**Task objective:**
Transcribe only what runs from the line containing "111-05-515 Ashika rótula" through the end of the listing, line for line and exactly, and omit the pictures.

**Source data:**
↓

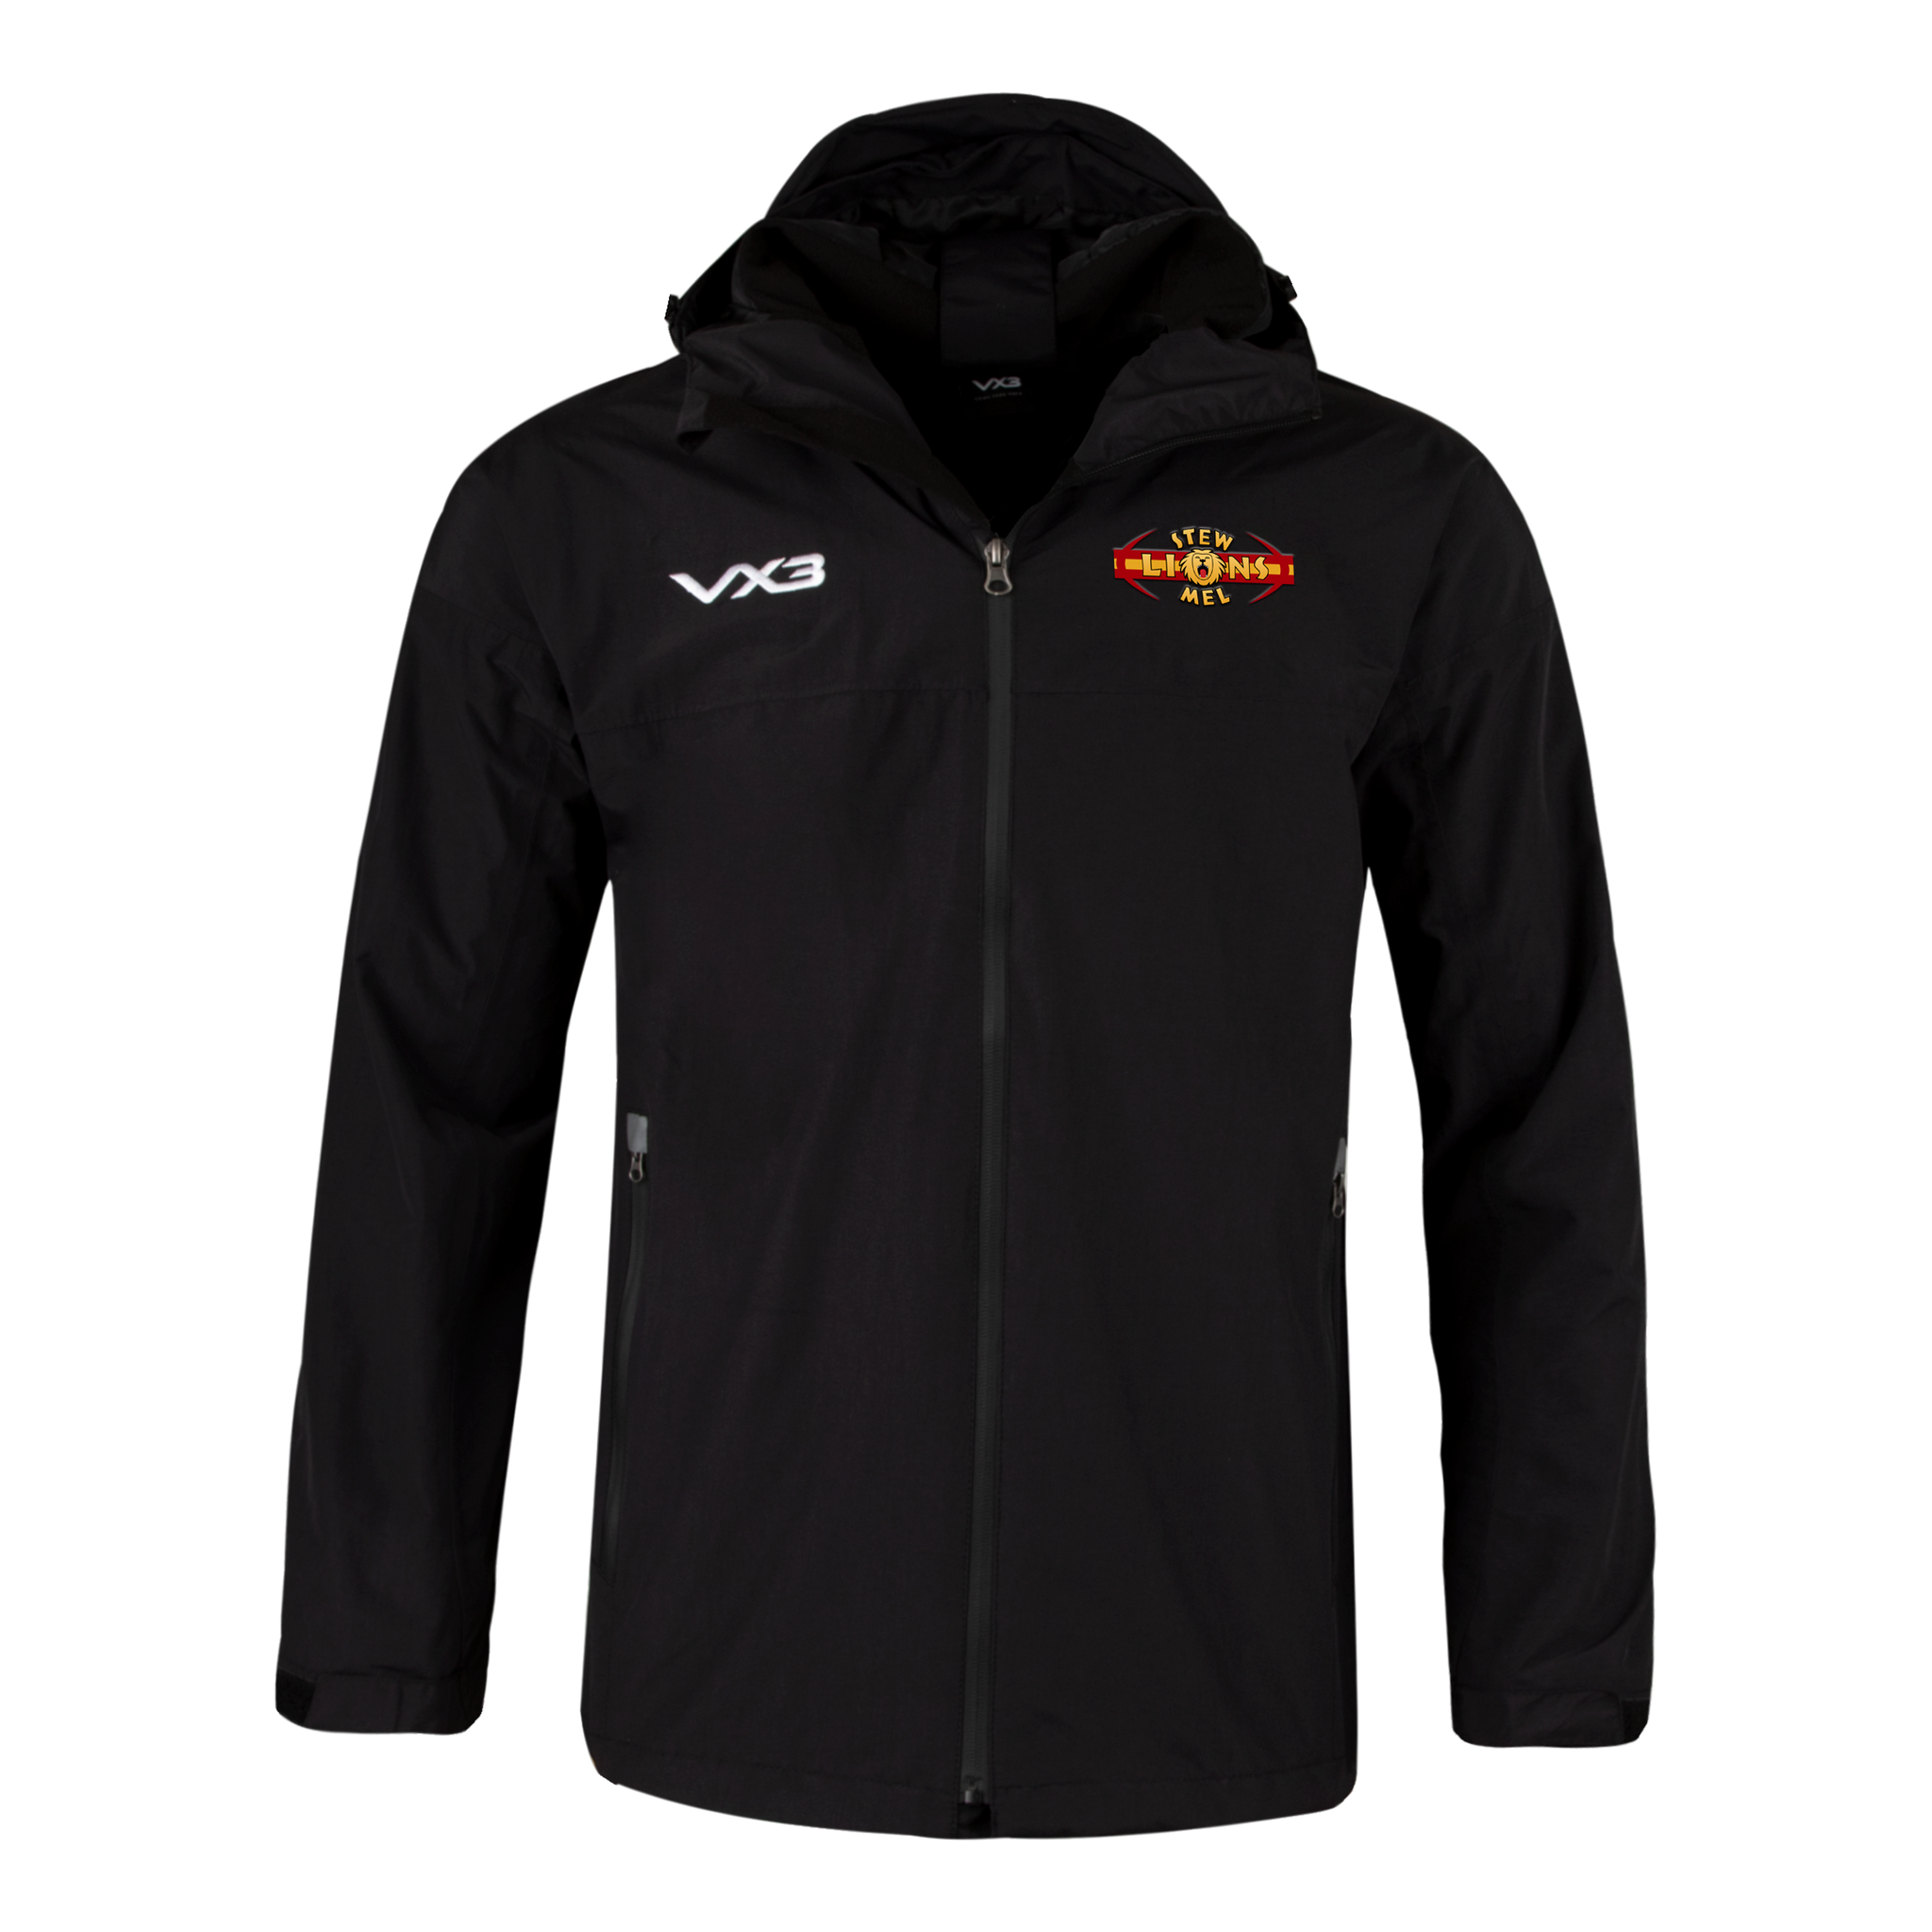 Stew Mel Lions Rugby Club Protego Waterproof Jacket
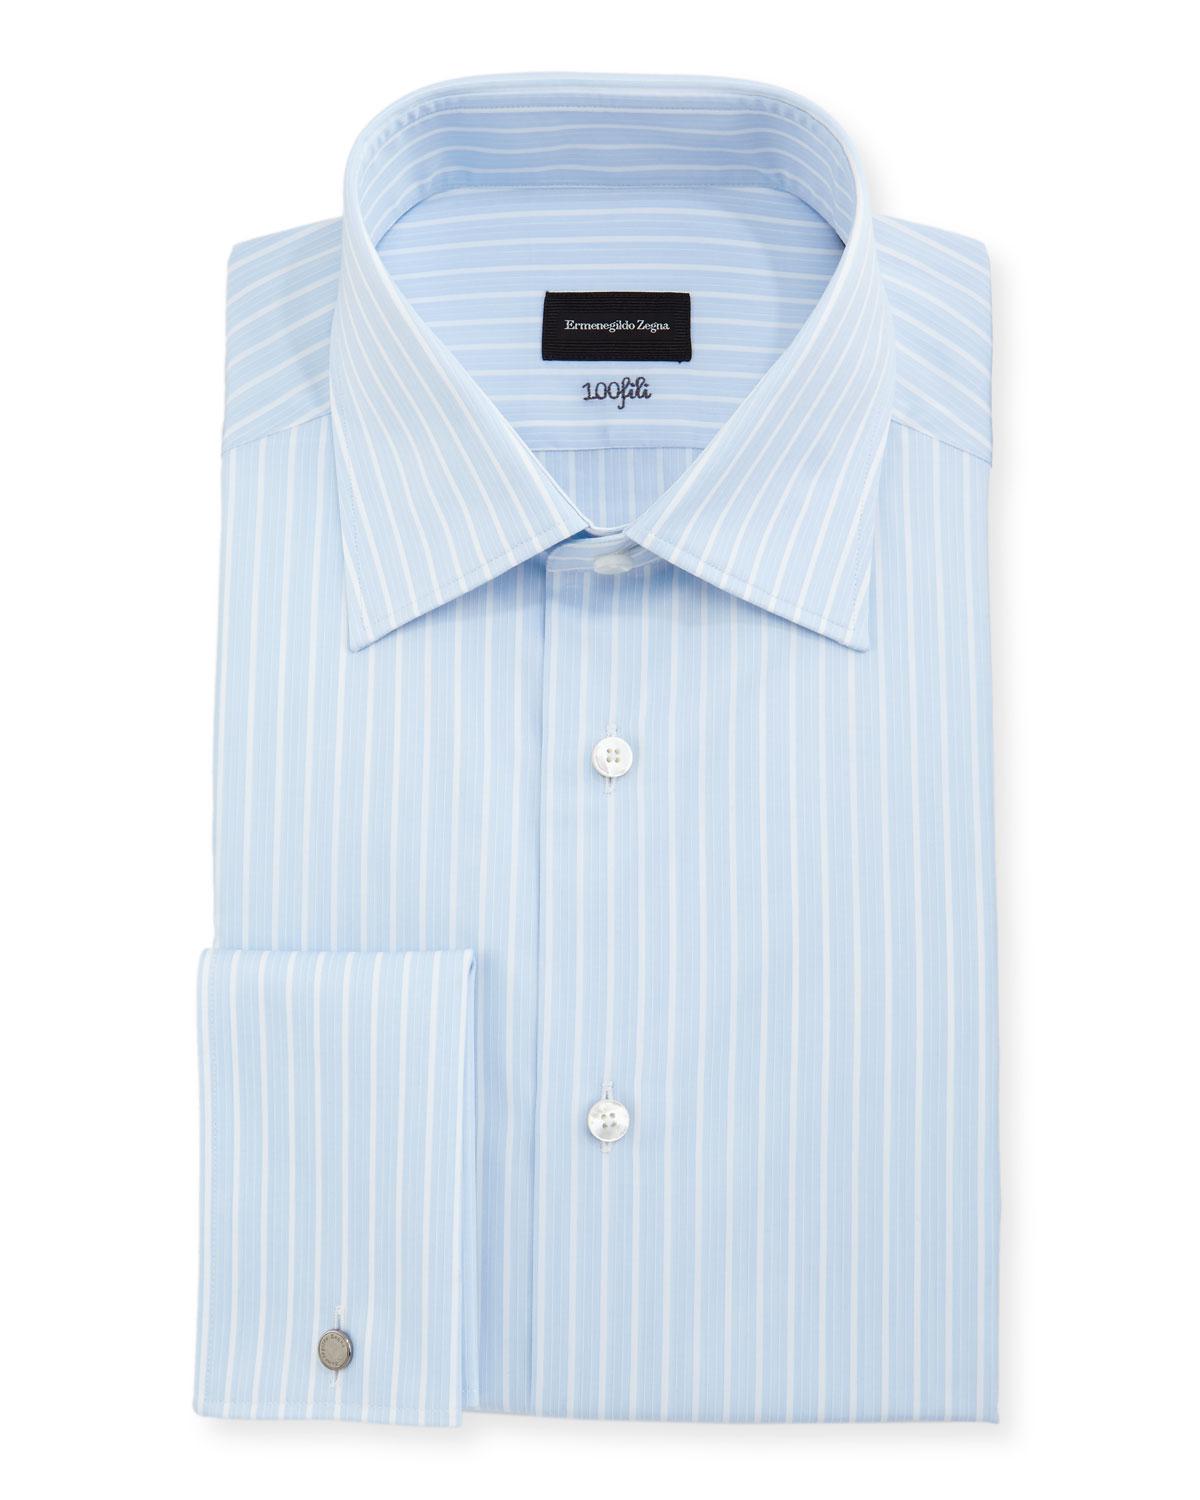 Lyst - Ermenegildo Zegna 100fili Striped Cotton Dress Shirt in Blue for Men
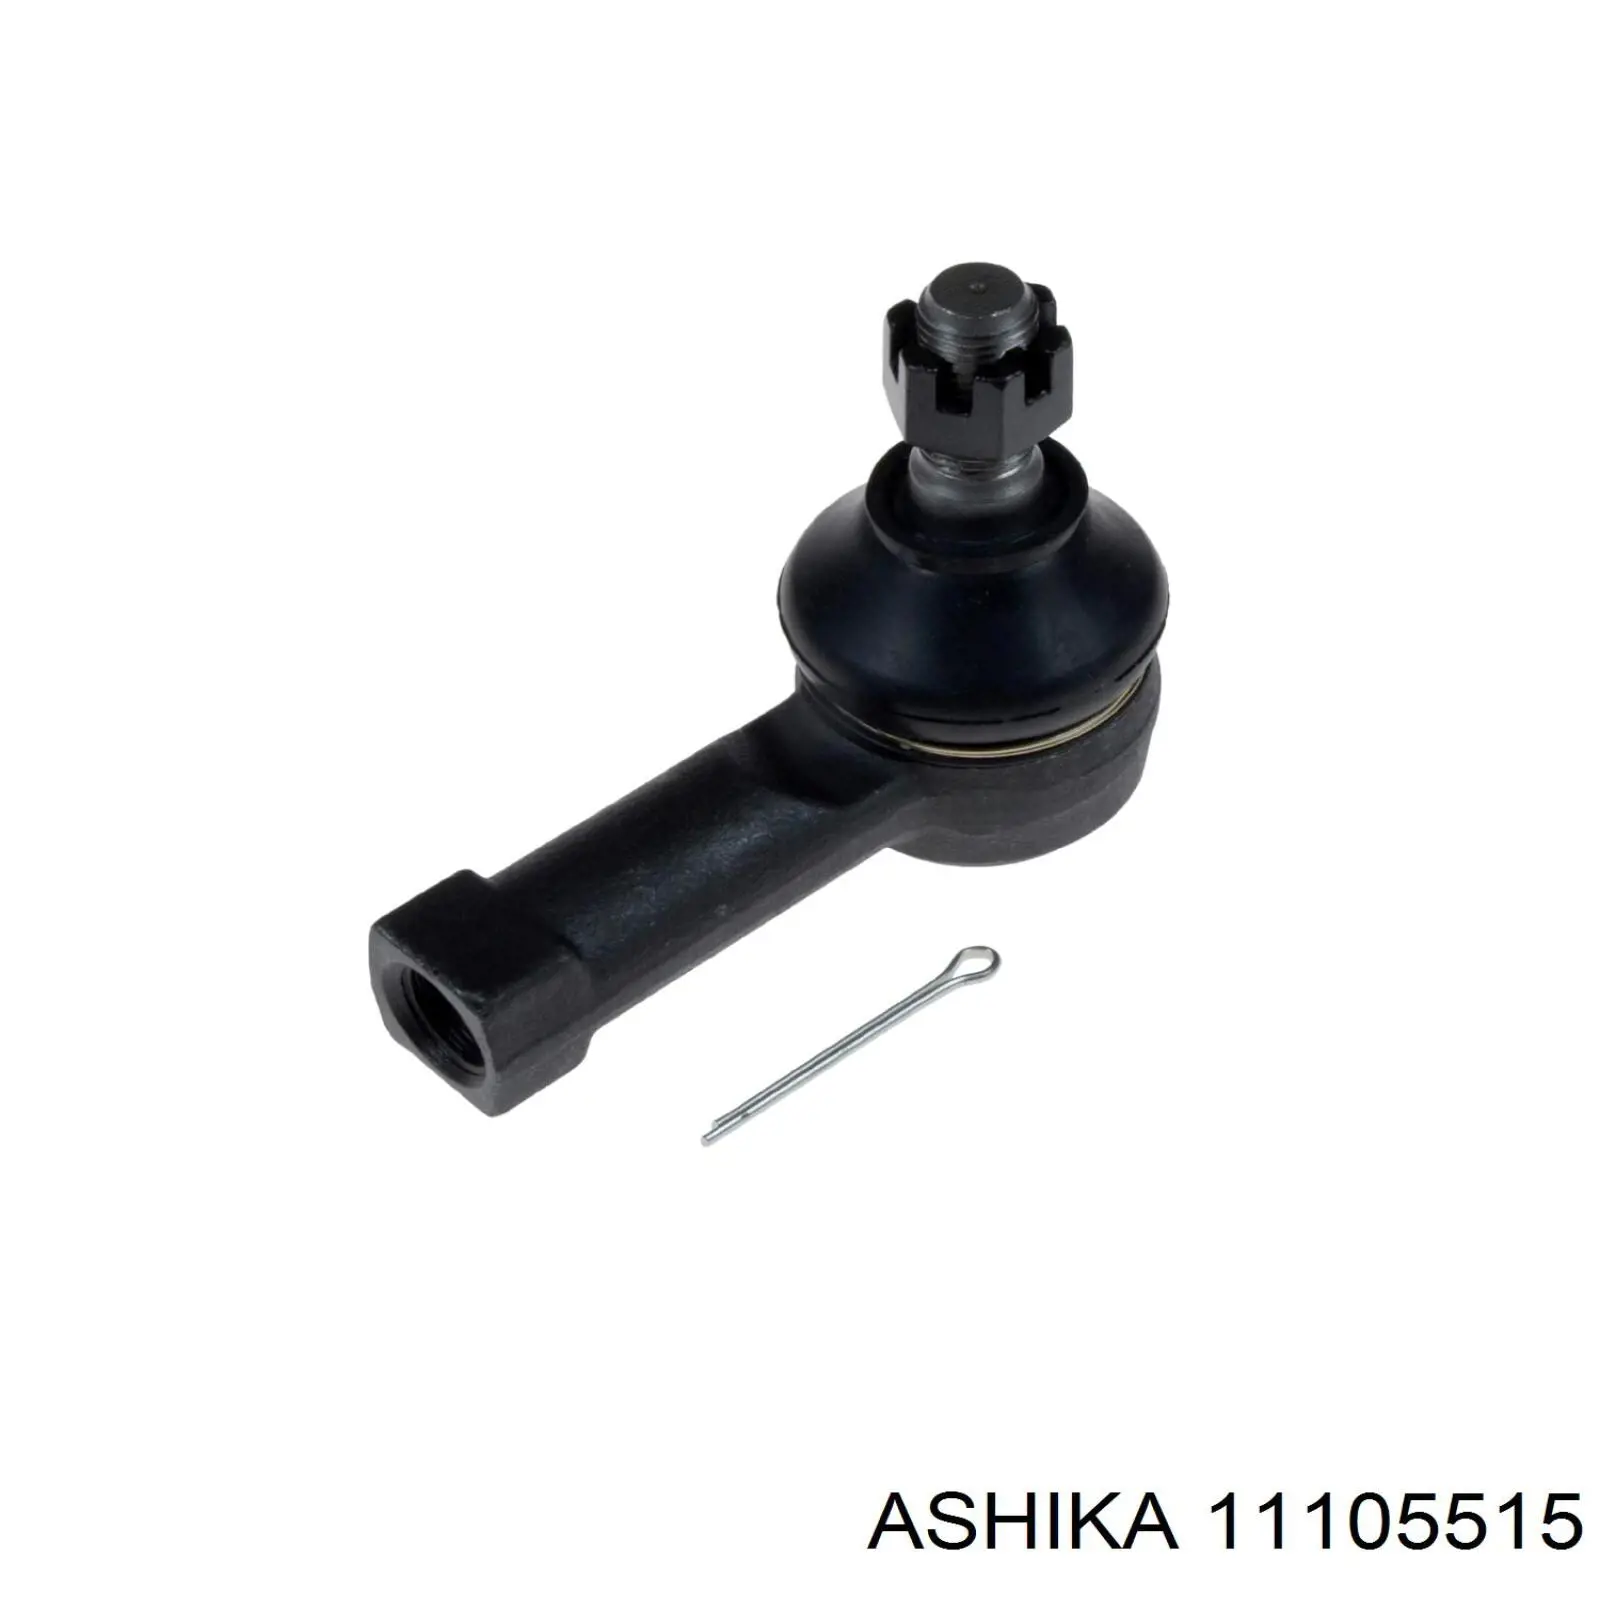 111-05-515 Ashika rótula barra de acoplamiento exterior
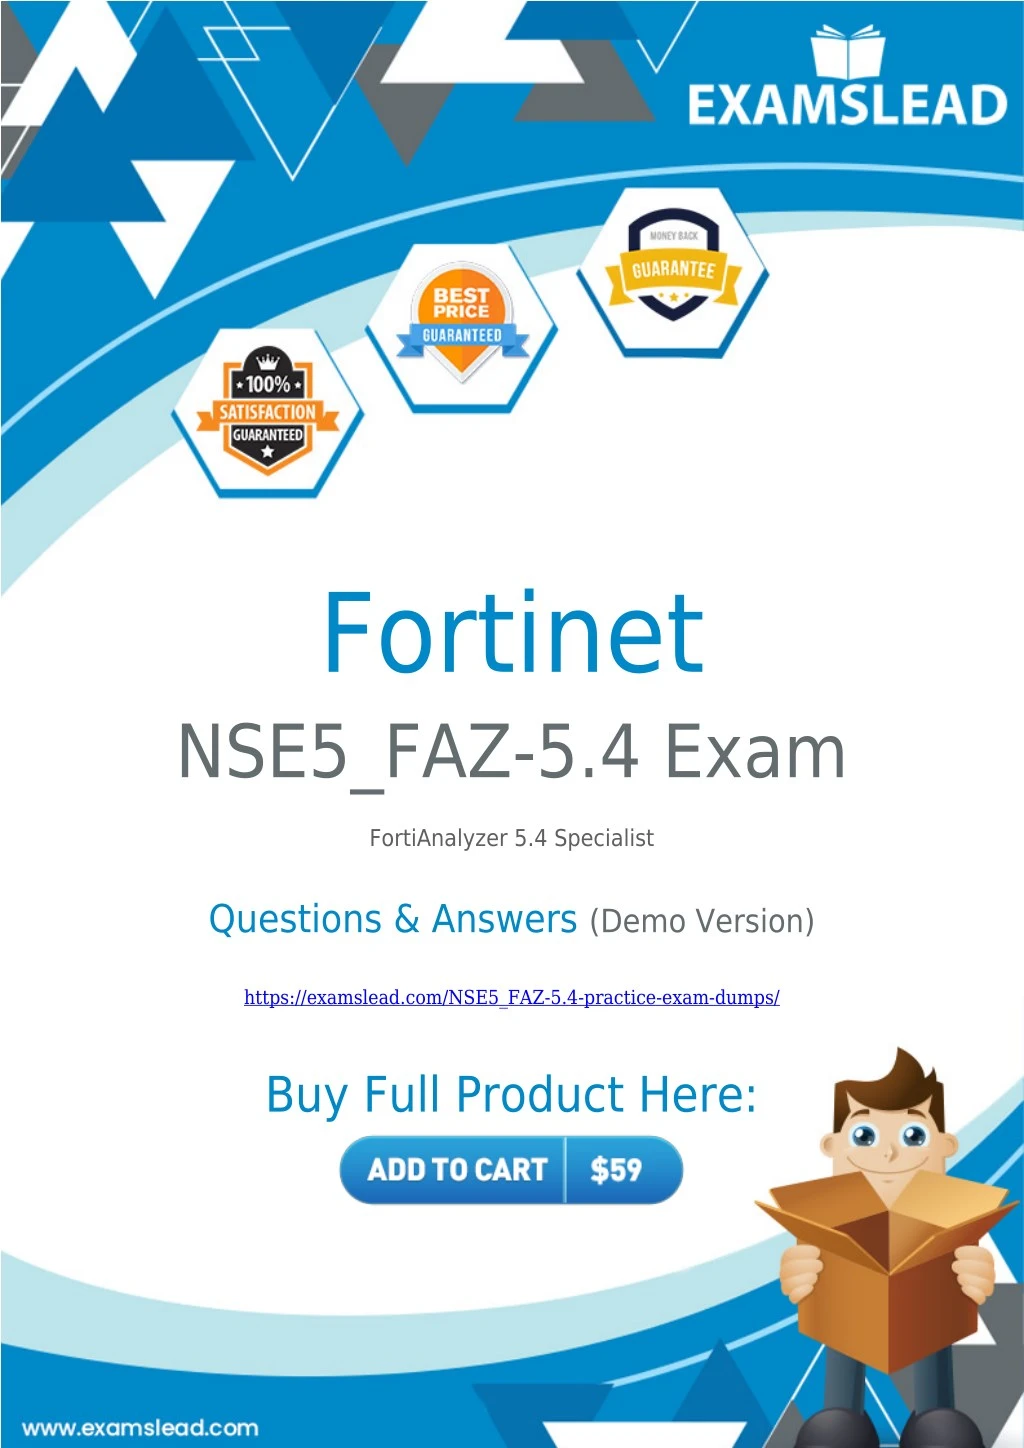 fortinet nse5 faz 5 4 exam

↑

**Exercise solution:**
 111-05-515 Ashika rótula barra de acoplamiento exterior
 fortinet nse5 faz 5 4 exam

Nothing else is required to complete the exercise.